4 Practical Tips To Maximize The Impact Of Sexual Harassment Training
Sexual harassment compliance training is generally not HR professionals’ favorite thing. There is a lot of gray area in terms of what constitutes harassment. This gray area makes it difficult to distinguish whether something is sexual harassment or not, and creates a challenge for bystanders who have witnessed an iffy situation to know if they should or should not report of the situation.
There is a high chance that your employees have or will encounter an iffy situation. Providing them with clear and thorough training will help them to better distinguish a sexual harassment scenario and will increase their knowledge on how to correctly respond.

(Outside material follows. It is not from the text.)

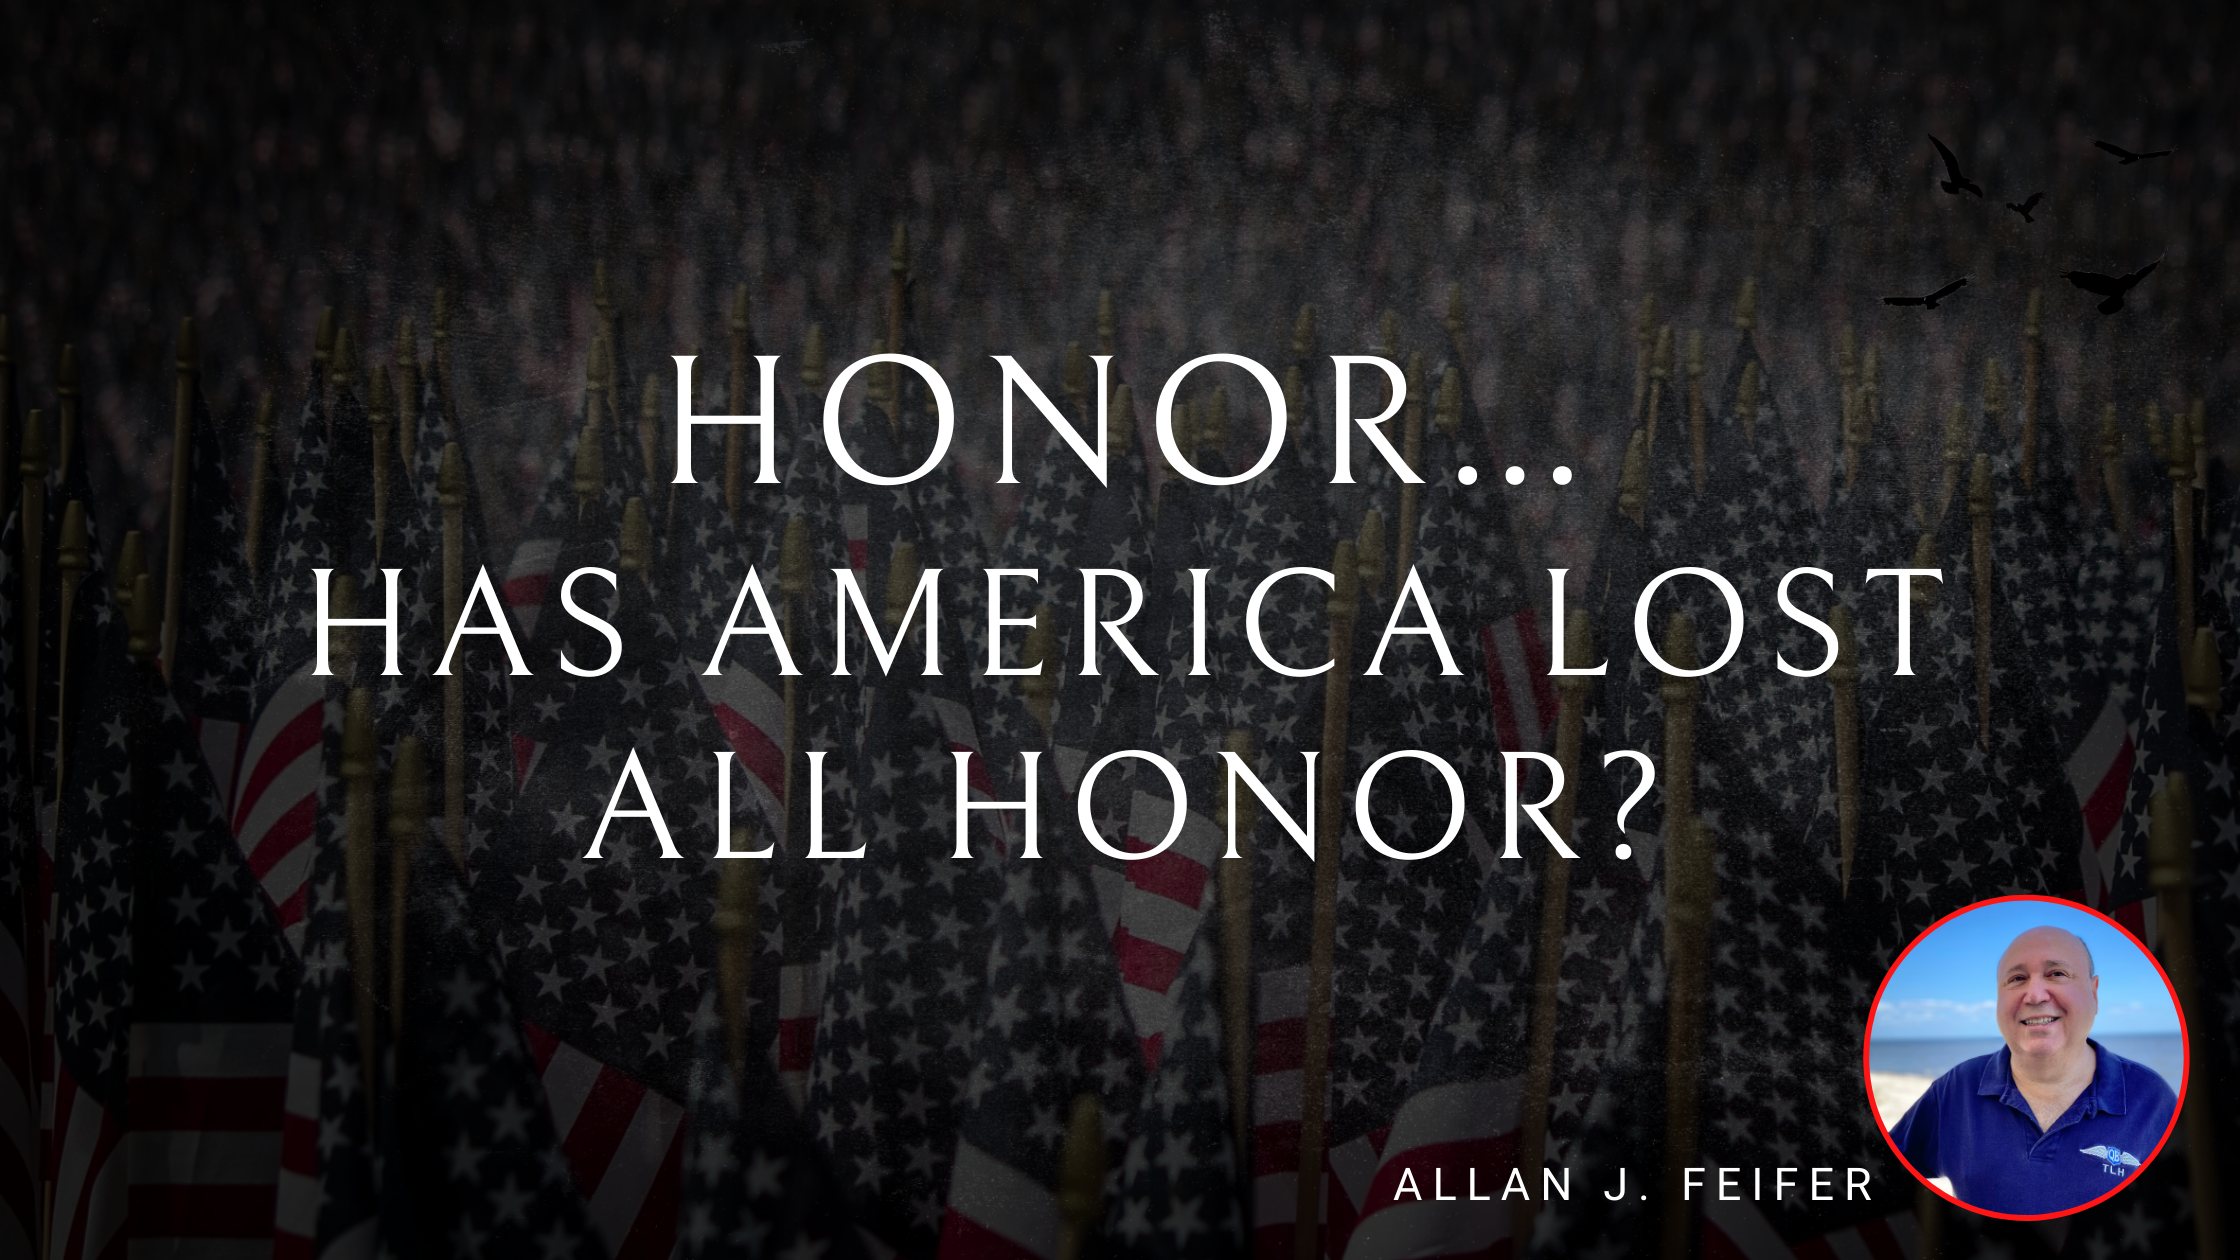 Honor… Has America lost all honor?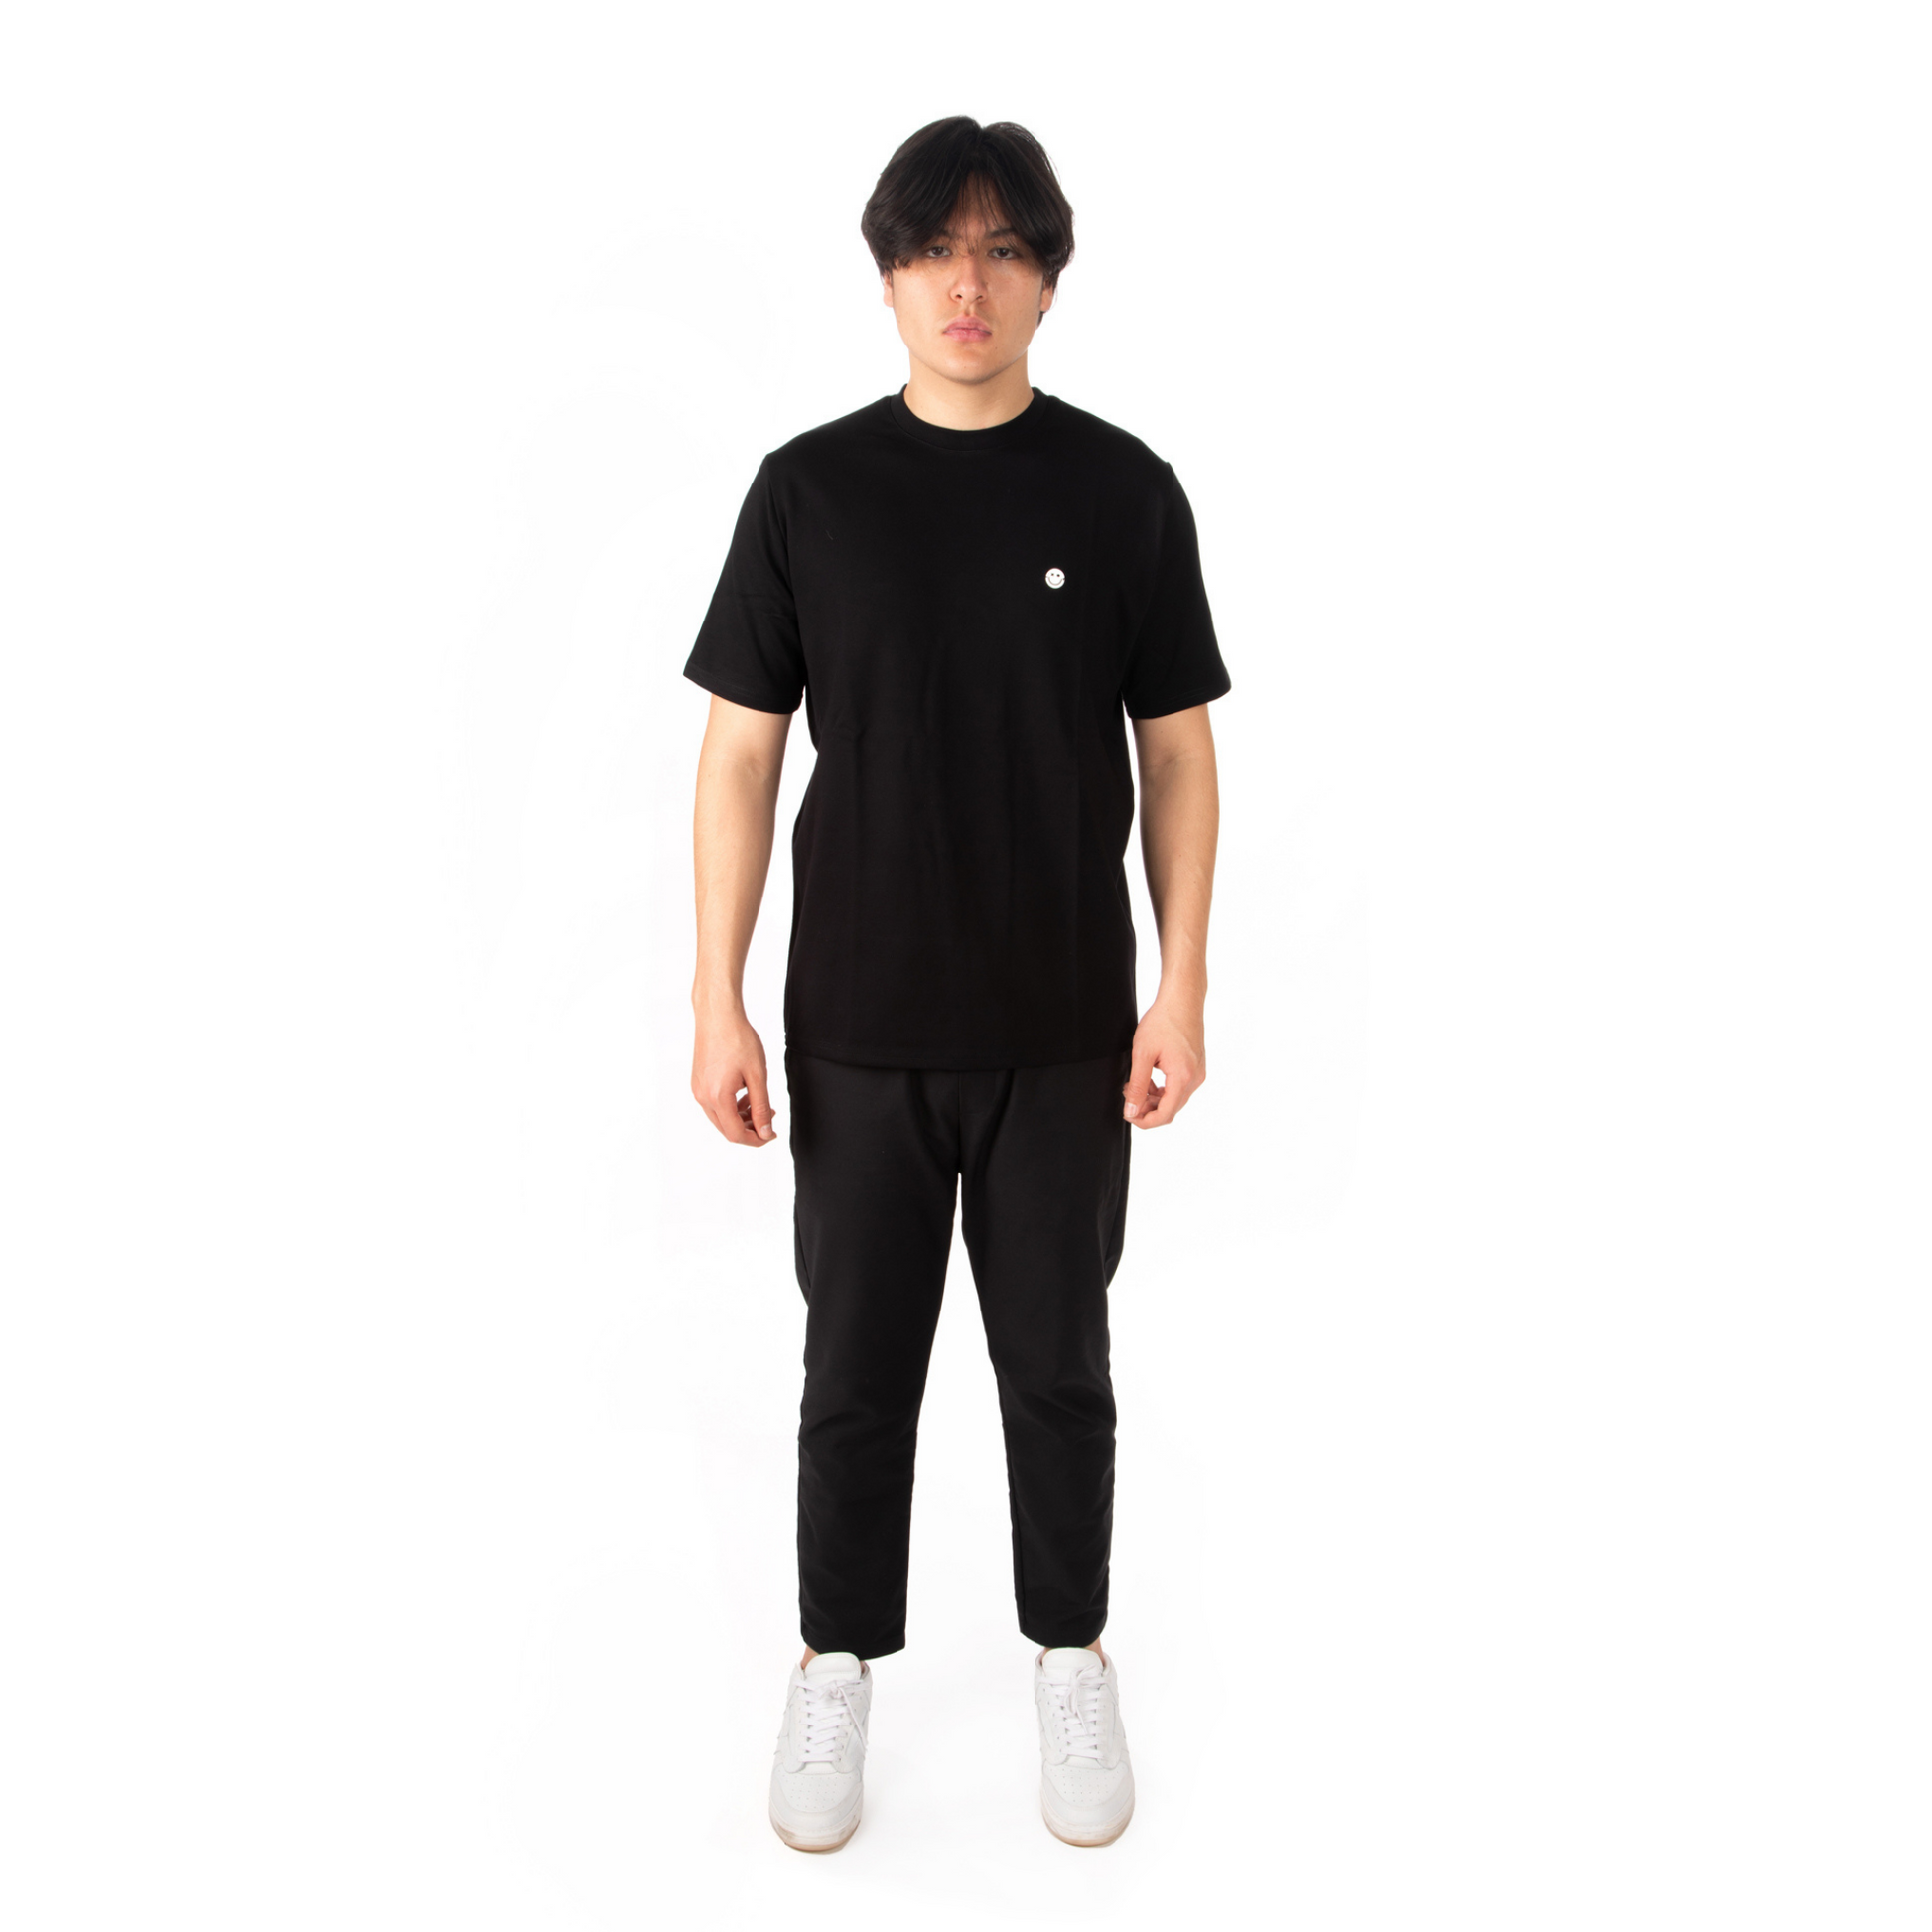 L’Homme Moderne Black T-shirt with Stainless Smiley front view on male model

To maximize the impact of your company’s sexual harassment training, consider these 4 tips:
Make It Mandatory
From new hires to company executives, ensure each employee completes a thorough sexual harassment compliance training program. Mandatory trainings send a message that all employees, despite their titles, are expected to represent themselves and their company in a way that is considerate and respectable. A lack of support from company leaders sets a poor example and generates a negative impact of the importance of training for the rest of the office. When factoring in schedules and company budget, utilize different training methods. Smaller group training sessions help employees to feel more comfortable asking questions and are more willing to participate in group discussions. Virtual training is another alternative, but should have an interactive component like instructor-led live training sessions.
Keep It Recent and Relatable
You cannot expect your employees to read and memorize the company’s sexual harassment policies. Create an ongoing and interactive training experiences with customized character-driven situations that resonate with your workplace. Show your employees workplace scenarios similar to what they’ve been dealing with in their workplace. Employees will start to see what could really happen to them personally as well as what may have happened to the company from a legal position. Discuss real world topics such as hugs, jokes, dating in the workplace, alcohol at work-related events, and off-site and after-hours activities.
Check Your Culture
Do you allow inappropriate comments? Do you allow cursing? On-site drinking? Allowing this behavior creates an inappropriate environment. An inappropriate environment is usually what sparks sexual harassment. Harassment can range from extreme forms such as violence, threats, or physical touching to less obvious actions like teasing, mocking, or repeatedly bothering coworkers or refusing to talk to them. It can be based on a person’s race, ethnicity, religion or gender. Establish an Open-Door Policy for your employees to anonymously ask questions, get answers, and share experiences through a hotline, specific human resource person or email address, or outside party.
Don’t limit sexual harassment training to a one-time event. It is important to have awareness campaigns periodically throughout the year. Provide tools like relevant brochures, helpful websites and blog links, videos and webinars to help employees identify and report improper behavior in the future. Hang anti-sexual harassment posters on notice boards in common work areas and send out emails reinforcing what was taught during training. Give employees a clear and concise outline your sexual harassment policy, reporting and investigation process, and penalties for non-compliance. When your company does health and safety surveys, collect data about sexual harassment and abuse. Analyze the data and reevaluate your training methods for the next time you have a sexual harassment training. Periodically conduct workplace audits to monitor any incidences of sexual harassment.
We need to shift away from explaining what sexual harassment is and drift towards creating a culture of respect and civility. We need to shift away from explaining how to avoid situations in which harassment can be questioned and towards ways to encourage trust.